# i want shimmer again.



## cablemike (Jan 7, 2009)

OK guys, I have this current 6x39 watt t5 unit on my 65 and love the colors I'm getting with my bulb combo. I need shimmer, I have my Galileo unit and hooked it up, directed it into the tank and pow, tons of shimmer.. but.. its to big so I have to have bit hanging on an angle in front of the tank since the t5 unit is so big.. can we say ugly.. after two days I took the Galileo off. I'm thinking of getting a reef brite strip since they are small and have great par. All I want it enough led power to add shimmer, I don't need it for growth as my t5s will certainly take care of that. Any ideas of what I should get? Anyone seen the true lumen pro in action? I wonder if its strong enough to combat 6 t5s to add shimmer. My Galileo uses 27 x 4 watt LEDs with 45 degree lenses so I'm using a lot of LEDs there and the shimmer was great. The other units are much less wattage but better LEDs so I'm assuming they are brighter. I don't want to spend a ton of cash just for shimmer. Anyone ever seen a green element evo led in action? They are so cheap and I'm sure they would add shimmer. I'm so confused. My limit is 250.00. I see the vertex units but too expensive.. help guys.. would a couple par38s do the trick? I real stressed out over this. Anyone want to trade for my Galileo for a led strip or par38s?


----------



## J_T (Mar 25, 2011)

Adding any point source light will give you shimmer. So, any led will work. Grab something already wired, and done! Car accessories work well for this.
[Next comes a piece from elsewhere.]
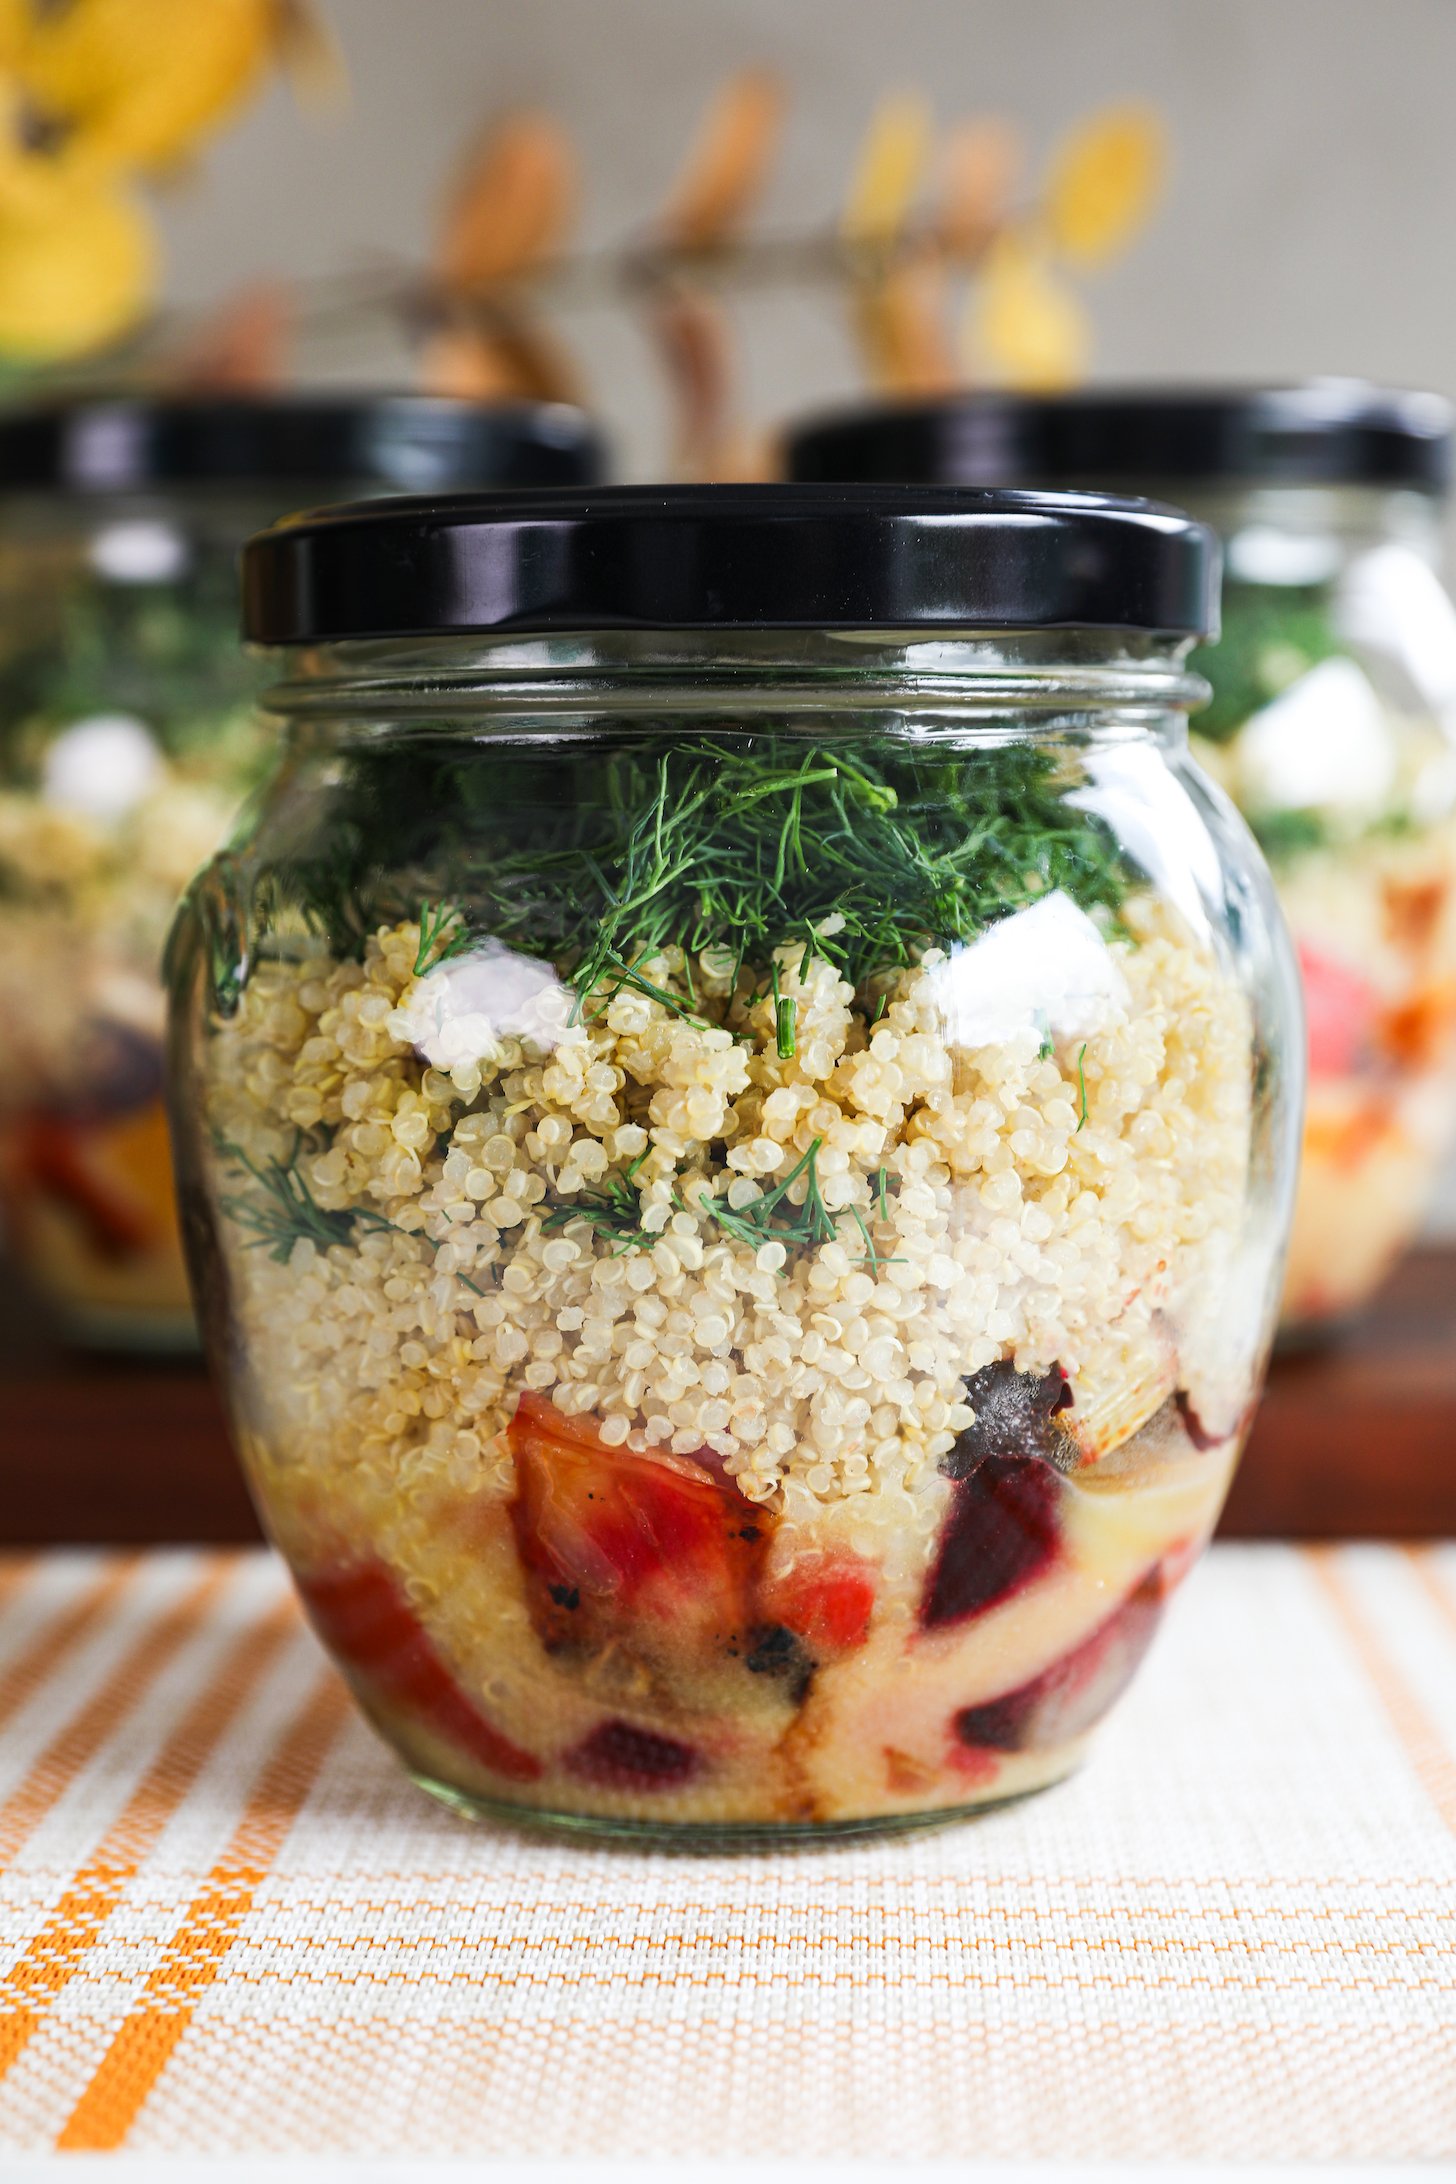 A close up of a glass jar of salad layered with dressing, veggies, quinoa and dill.

Posted with my Xperia, using Tapatalk 2


----------



## RR37 (Nov 6, 2012)

Par 38 led ?


----------



## cablemike (Jan 7, 2009)

J_T said:


> Adding any point source light will give you shimmer. So, any led will work. Grab something already wired, and done! Car accessories work well for this.
> 
> Posted with my Xperia, using Tapatalk 2


Tried it, not strong enough. Works with 2 t5s on only, not six. I think I'm gonna get a green element evo double led unit. Its 100.00 and has 72 watts total. And will fit on my tank with the t5s. Just concerned if it will cover whole tank or just front. Anyone have any experience with the aquatraders led lights?


----------



## cablemike (Jan 7, 2009)

I got my shimmer 
I was at Walmart in auto accessories and saw foglitz led fog lights, I of course looked into the light , ignored the huge warning on front " do not look directly at light, very powerful LEDs" and I looked directly at it for a second, instantly the store was a big blue dot. So figured must be at least 4x1 watt or better LEDs per fog light. Came home tried over tank and wow, sweet shimmer they cast a rectangular pattern so one on each side covers the entire tank mounted on the from of the tank. They are 6000k but don't seem to add much yellow. So for 40.00 any one with t5s can get shimmer too. My wife did order me two 12 watt par38 actinic+15000k after she saw the shimmer. I get those at Christmas though. Combine with the foglitz and my t5s this tank is gonna shimmer, pop, and blind you. I'm already seeing a bit of bleaching on some corals so I may have to move things around.


----------



## cablemike (Jan 7, 2009)

RR37 said:


> Par 38 led ?


Par38 led bulbs for reef tanks, never seen em? They are very powerful but you need several to light a big tank. I ordered mine with 90 degree lenses as I'm not concerned with par but more for shimmer and pop. I ordered my bulbs with 8x royal blues and 4x 15000k so combined with the existing bulbs my colors are gonna really pop. Only concern is too much light. I have 234w in t5s, plus 48 watts in LEDs on a 65 gallon 24inches deep.


----------